To counter these less tangible hurdles, trying thinking about estate planning as a gift—not some onerous task that you need to do to maintain your life, like cleaning the gutters or getting a colonoscopy. Instead, think of it as a gift that you’re preparing for your loved ones. After all, you yourself are not likely to benefit from your plans. But for your family and friends, it will be a huge relief gift to know:

 

  • Who should make financial or medical decisions for you if you cannot make them for yourself
  • Whether you want to be an organ donor
  • What you want done with your body after you die
  • What kind of funeral or memorial service you want
  • Who should care for your young children if their other parent is unavailable
  • Who should get your property
  • Whether you have life insurance, and
  • That you did everything you could to plan ahead.

 

Taking a hard look at these issues is not easy, but it may be easier to face them if you remember that you’re doing it for the people you love. 

 

What are some of the easiest ways to form a will?

 

The easiest way to form a will is to have an attorney do it for you.
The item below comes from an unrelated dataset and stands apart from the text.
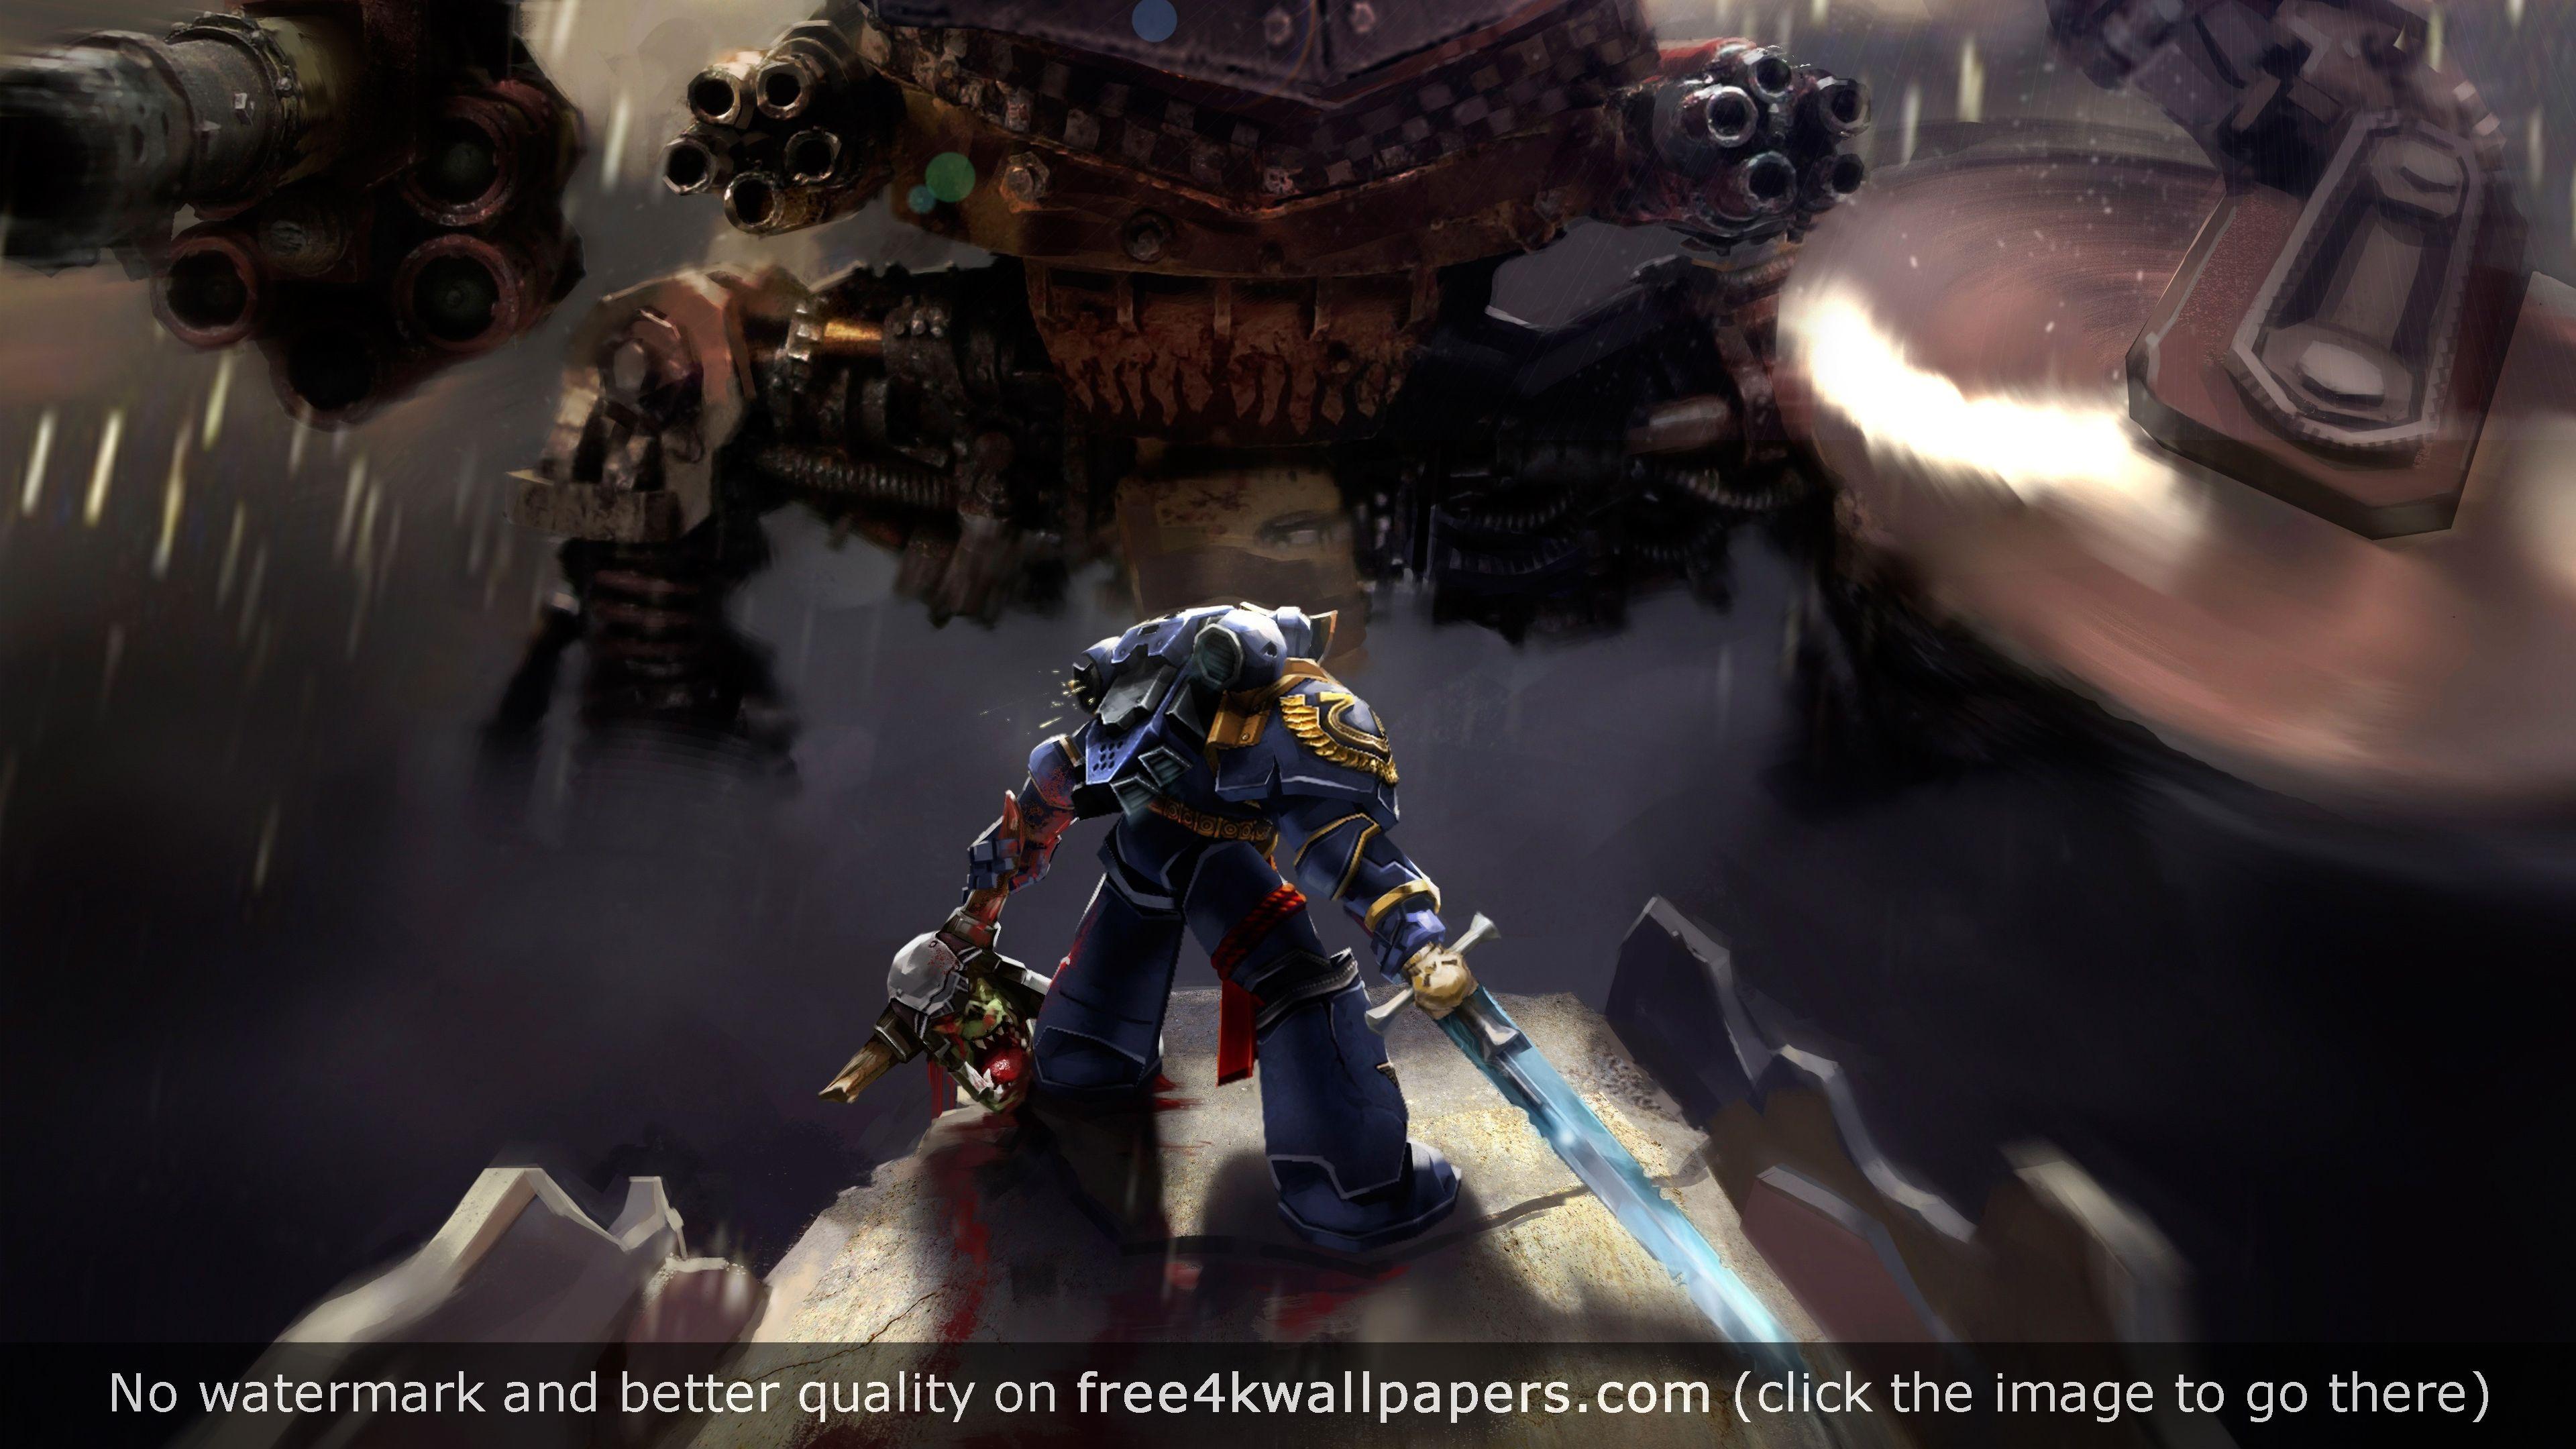 Warhammer Space Marine Ultramarines 4k Wallpaper Space Marine Cool Wallpaper Widescreen Wallpaper

Now that many attorneys are working remotely, you may not even need to leave your house to hire an attorney to make a will for you.  

 

However, hiring an attorney is not an option for everyone, perhaps because of expense or urgency. In those cases, the easiest way to make a will is online or using software like Nolo’s Quicken WillMaker & Trust.

 

What is the difference between forming a will through a lawyer or forming one using a software program, like WillMaker?

 

Using do-it-yourself products doesn’t replace the personalized treatment you get from hiring a lawyer. In most cases, having a DIY will is better than not having a will at all. This is especially true if there is a specific reason you want one, like if you want certain items to go to specific beneficiaries or you want to name guardians for your minor children. You can make a DIY will in less than an hour. Then you find two witnesses, you all sign it, and it’s done. 

 

What advice would you give to those above the age of 40 who are without a will?

 

For those over forty …it’s time to make a will. 

 

That said, most people need a will, regardless of age or life situation. If we don’t make a will—or some other more complicated plan—state law determines who gets everything we own. Usually, this means that everything goes to our closest relatives, as defined by the law. 

 

Are wills and estates typically taxed, if so at what rate? 

 

For most people, estate and inheritance taxes are not an issue. They do exist, but there are exemptions for most estates. An individual’s estate must pay federal estate tax only if the estate’s value is over $11.58 million (for deaths in 2020). And the estate of a married couple doesn’t need to pay estate tax unless its value is over $23.16 million. So, the estates of most people don’t pay federal estate taxes. 

 

That said, a handful of states also have estate and inheritance taxes. In most of these states, the exemption rates for estate tax are also very high. Or, in the case of inheritance taxes, close relatives are exempt from the tax. There are a few exceptions — for example, Massachusetts, Oregon, Vermont, Washington. These states have somewhat lower exemptions – but still $1-2 million. Your best bet is to find out if your state has an estate or inheritance tax and then learn whether your estate would be liable. In most cases, you won’t need to worry.